You can see the submission count in the tweets: OpenAI passed on their first submit for 11/12 problems and used 9 submits on the last. Gemini did similarly, using 17 submissions for 10 problems.
Also, ICPC does not show you test number of first failure; the information is only the status code of WA/TLE/AC (this differs from most other ICPC-style platforms, including ICPC-style CF rounds and UCup).
I think it's pretty clear the agents were not cheating in this way. The question I do have is how many solutions were generated, and did the agents locally stress test?
Thanks! You can’t view replies to tweets without an account so didn’t see it for OpenAI.
My vague memory of 10 years ago recalled seeing judgements like WA42, but maybe my memory confused it with some other competition or things changed.
So OpenAI 12/12 while GDM at 10/12. It's over. Sam is going to be the emperor of the universe.
really curious whether GPT-5 (the public version, maybe GPT pro subscription required?) can actually solve Problem C in WF25, as OpenAI claims.
No the public version is shit even at their proclaimed image processing I always find myself using the plus version because pro takes literally half an hour to spit nothing out, for example last div1A didn't get solved by it for more than 40 minutes
Ok got it AI can do CP. We got it since o3 got ~2700 last December.
Now get the f out of CP and let me know when you got the number of
rs right in a public model.W
remember when all the doubters were coping and saying its impossible or whatever? just wait until it replaces your job. you'll be even more surprised
OpenAI is good at narration. He says he uses an ensemble of GPT-5 and an experimental reasoning model, which I doubt if it ever exists. The declared result looks very suspicious, and I don't find a theory depicting how the model solves the problem. For example, if the model is given problems by a random order, then it takes more time to solve D and H than C, which is hilarious. If the model is asked to determine the difficulty itself, then the fact that it solves C before L is more hilarious.
Why not in parallel?
They cloned the whole thing for each problem and let it solve them in parallel.

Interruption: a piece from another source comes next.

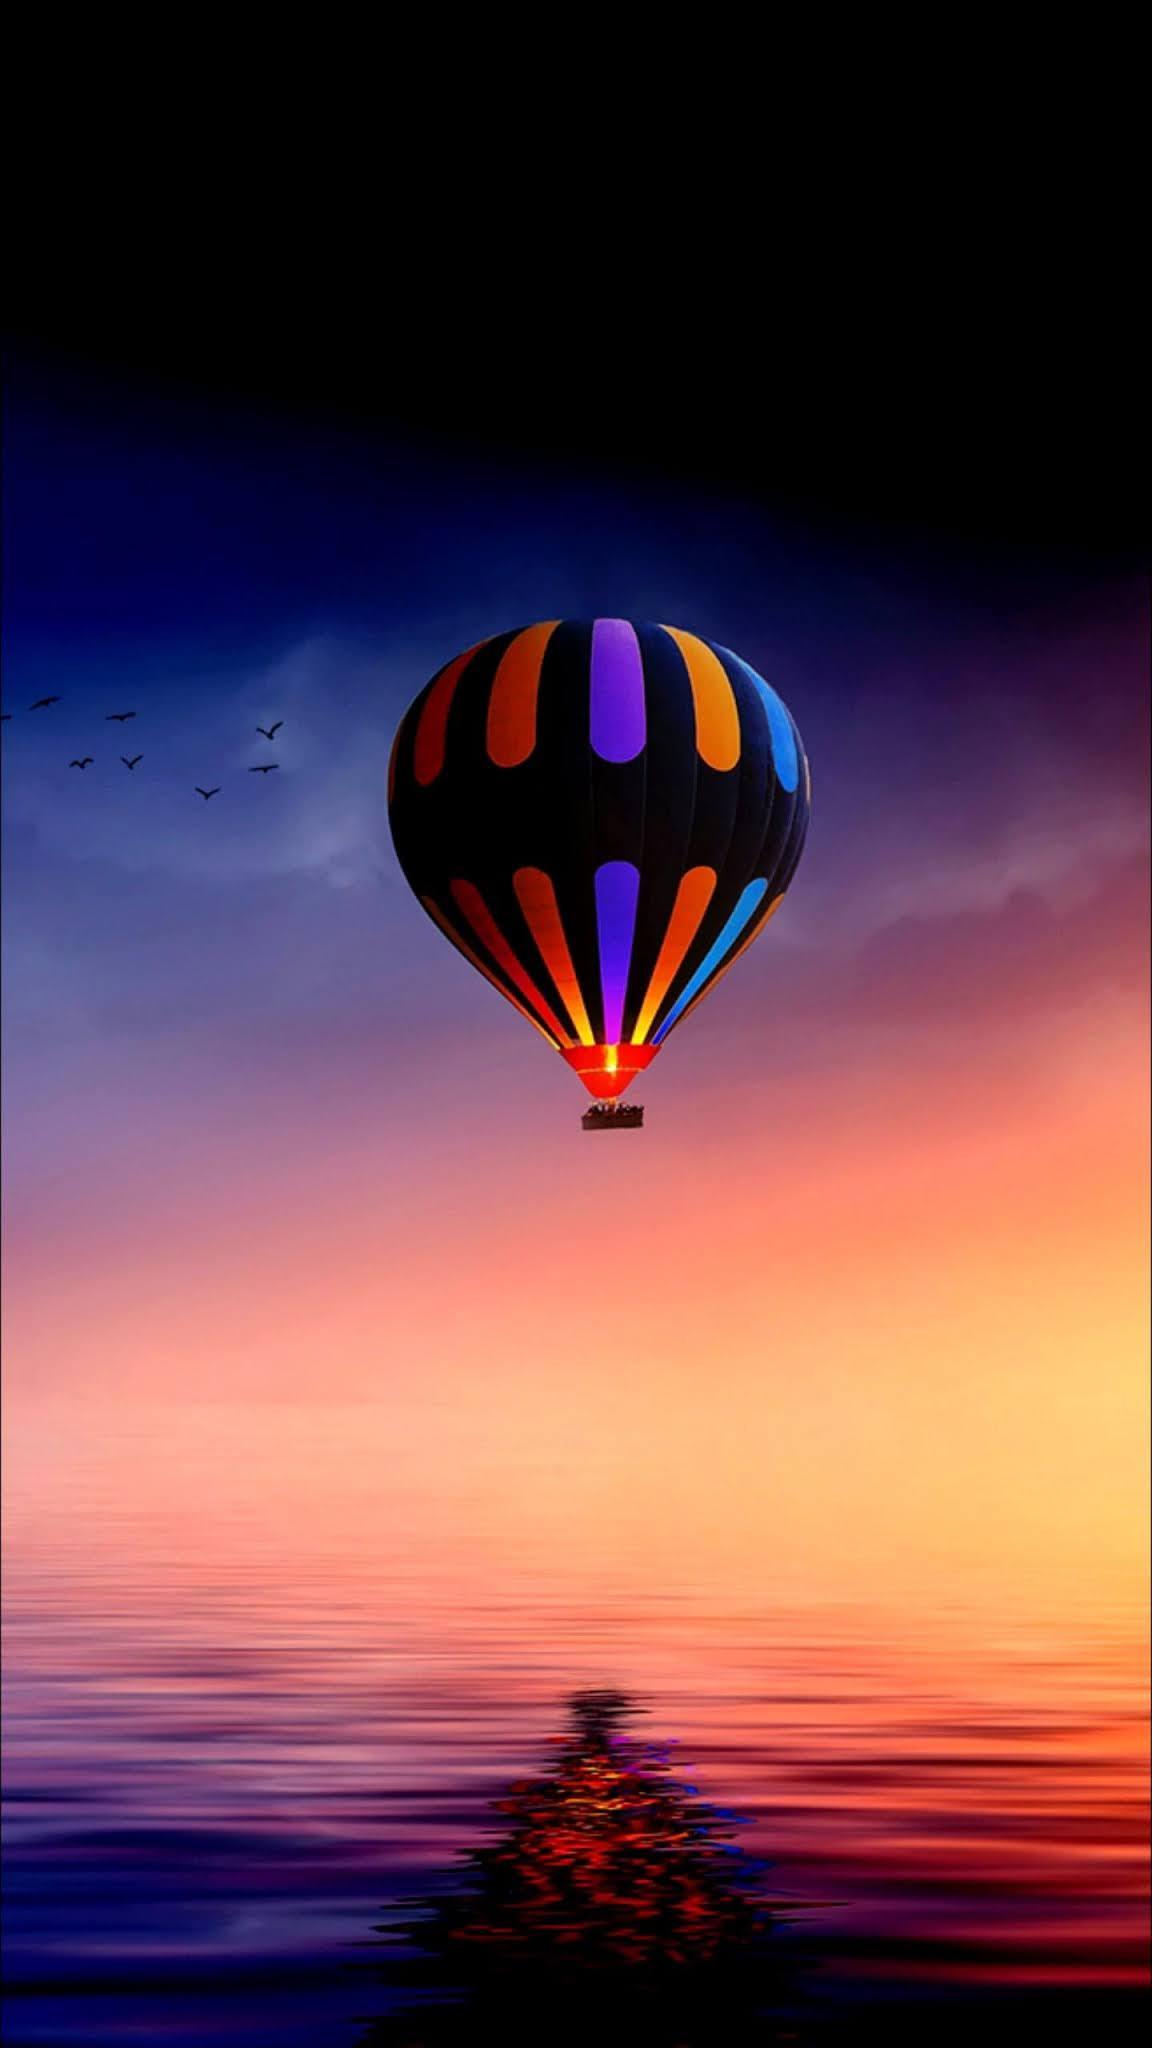 Hot air balloon 4k mobile wallpaper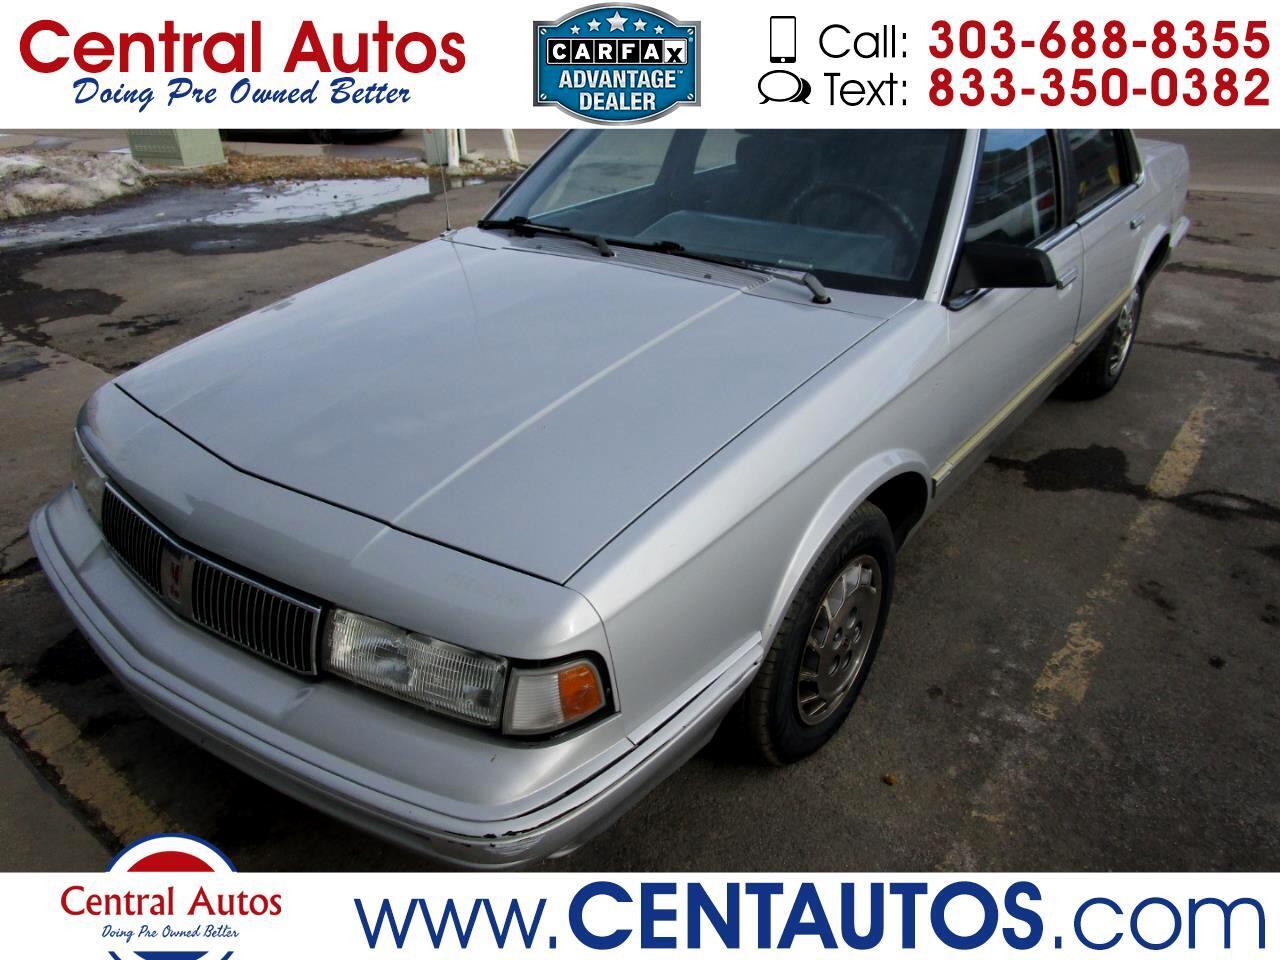 Oldsmobile Cutlass Ciera/Cruiser 4dr Sedan Special Edition R7C 1994

This theory is compatible with the very close submission times.
It cannot explain why it takes 44 minutes to solve L.
I make no claims on the legitimacy of their results, but this is the repository of their solutions.
If they are excited about CP, then bring back CodeJam.
Typical tales from Openai about the "experimental model". 0 confirmation, only statements. We readily believe that it is necessary to justify the investors' money somehow.